This hole is good and deep now. I stop to take a breather, stretch out my back, my leg, wipe the sweat from my brow, before moving onto the next spot a few feet from the freshly dug hole. The shovel breaks into the untouched grass and earth. Gains leverage from the foot that I do not feel. The grass roots rip up and are tossed into the growing mound of dirt.
Cupping the bloom gently in my palm I straighten and look up at the mockingjay.
"Thank you," I whisper to her. She ruffles her feathers in response, her beak in the air. A laugh escapes my throat. It is a strange sound and I do not recognize it at first. Slightly shaken by the unexpected and unwanted laugh, I turn on my heel and go back the way I came, taking careful note of my path through the woods so I can find this spot again.
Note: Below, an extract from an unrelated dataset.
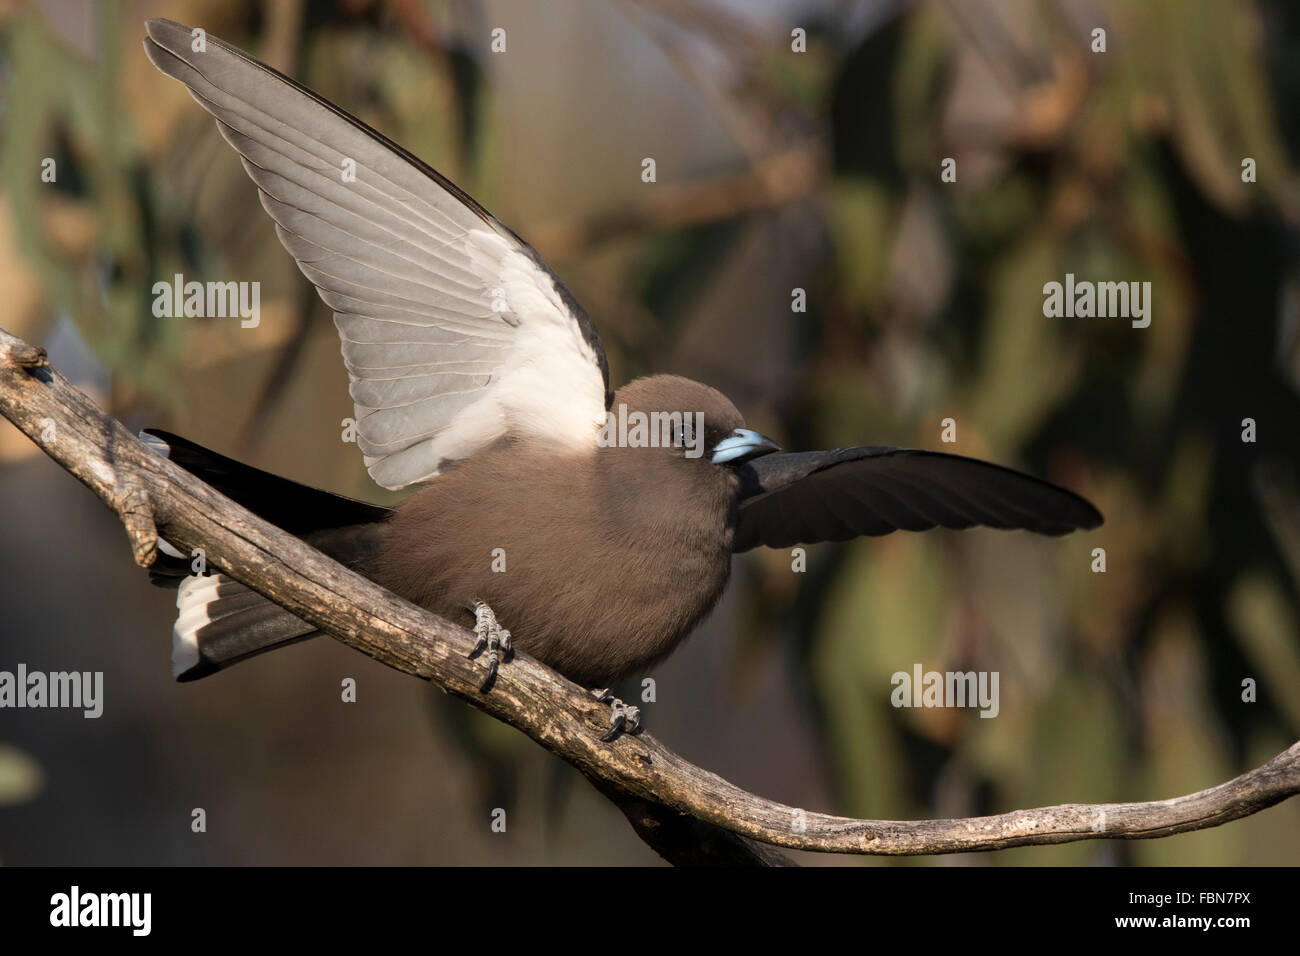 Dusky Woodswallow (Artamus cyanopterus) displaying on a branch - Stock Image
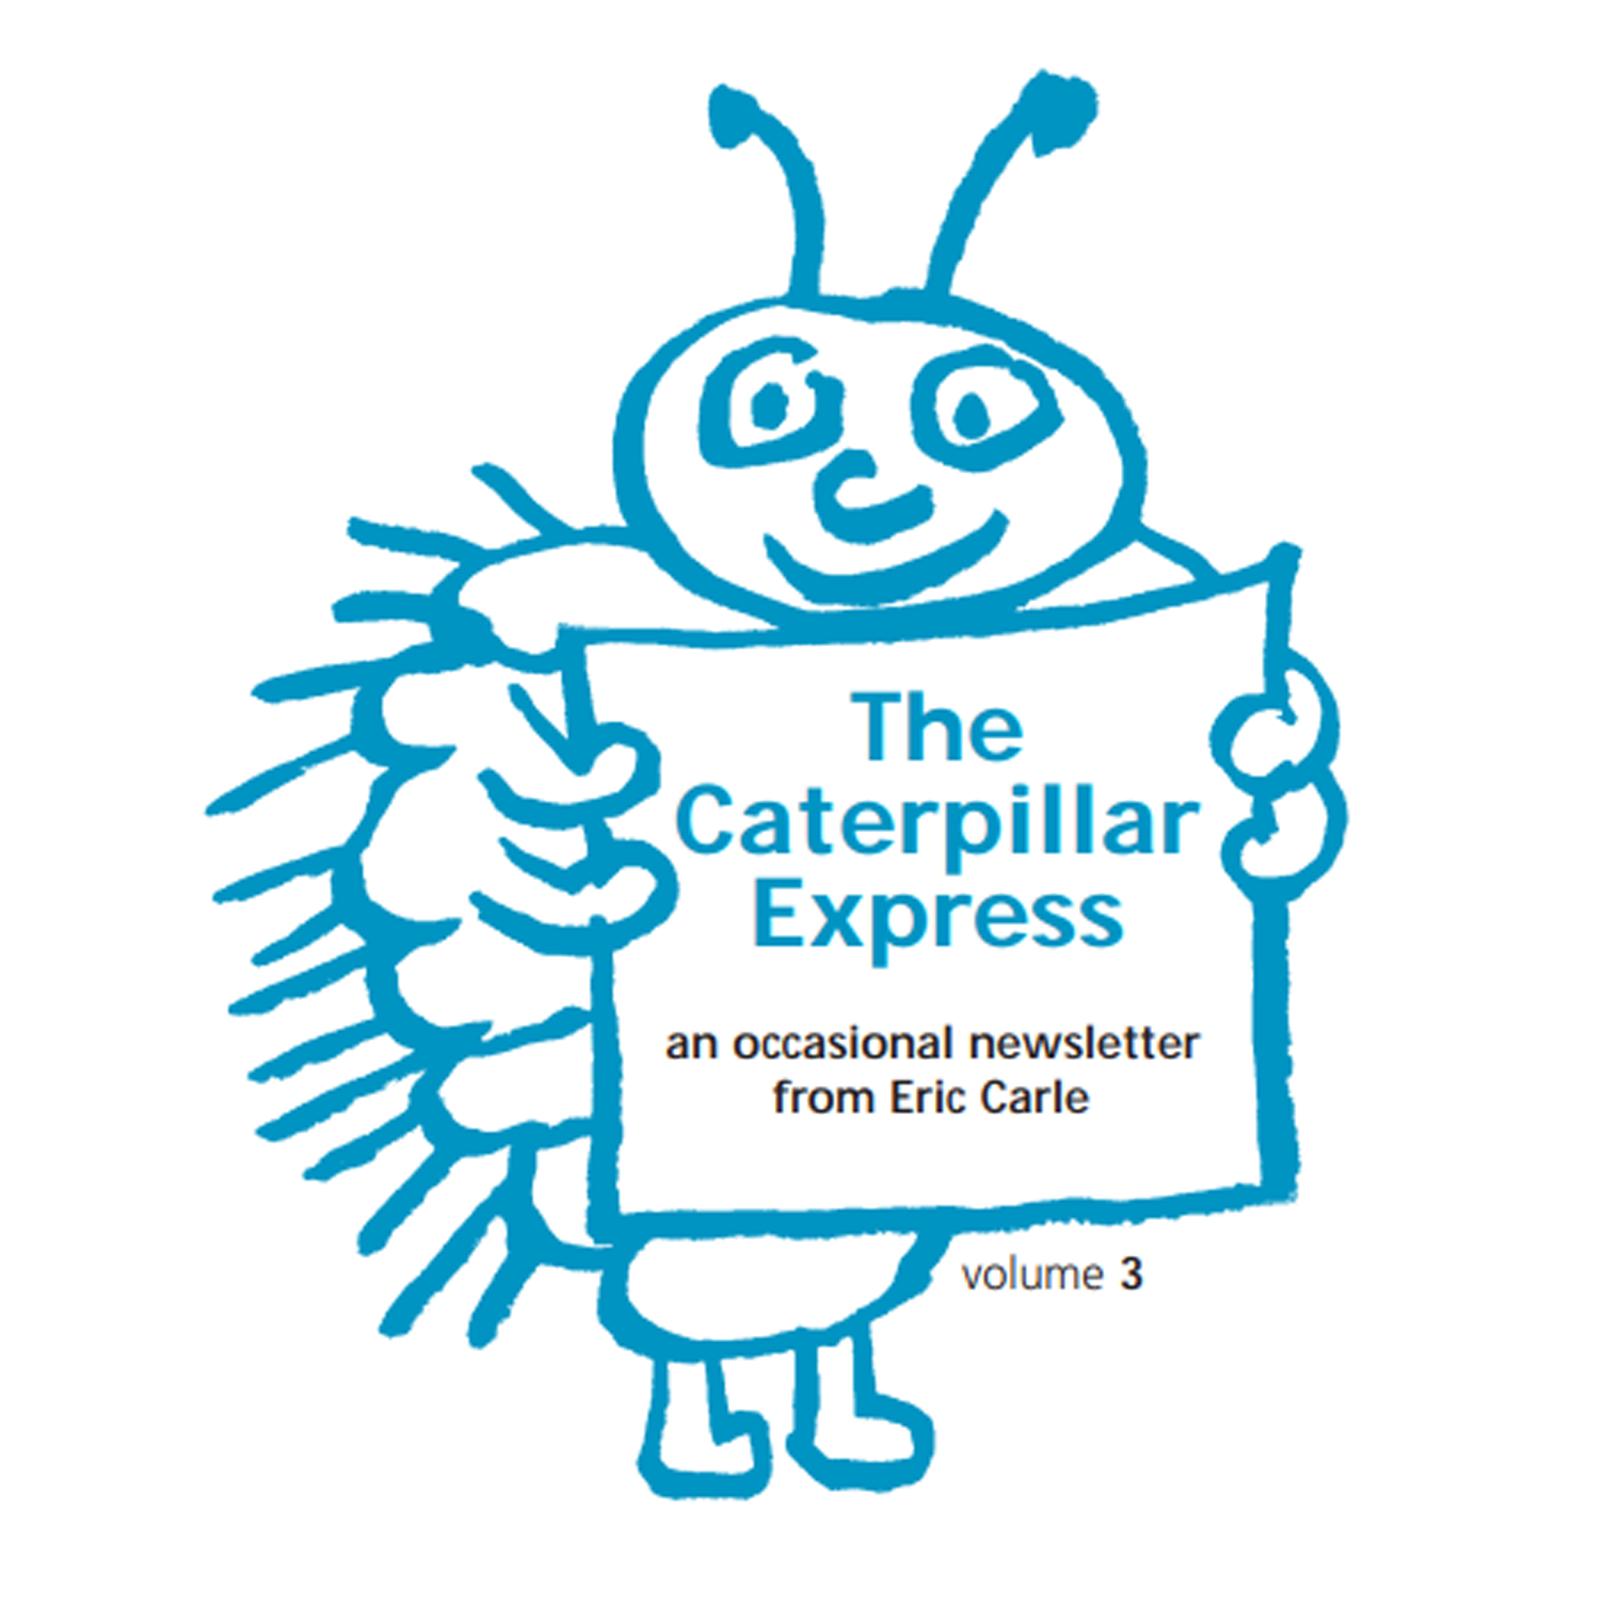 Caterpillar Express Volume 3

When I reach the point where the trees fade and the broken fence comes into view I pause, and very carefully place the primrose in my breast pocket. The sound of many scraping shovels reaches my ears and I repress a shudder. Whose burnt bones are they burying now? My father's? My brothers'? My mother's? I freeze, and almost forget my task in the fresh reminder of bitter losses.
The scent of the flower in my pocket rises up to my nose, reminding me of what I have to do, spurs me into the edges of the meadow. Not the meadow. The graveyard.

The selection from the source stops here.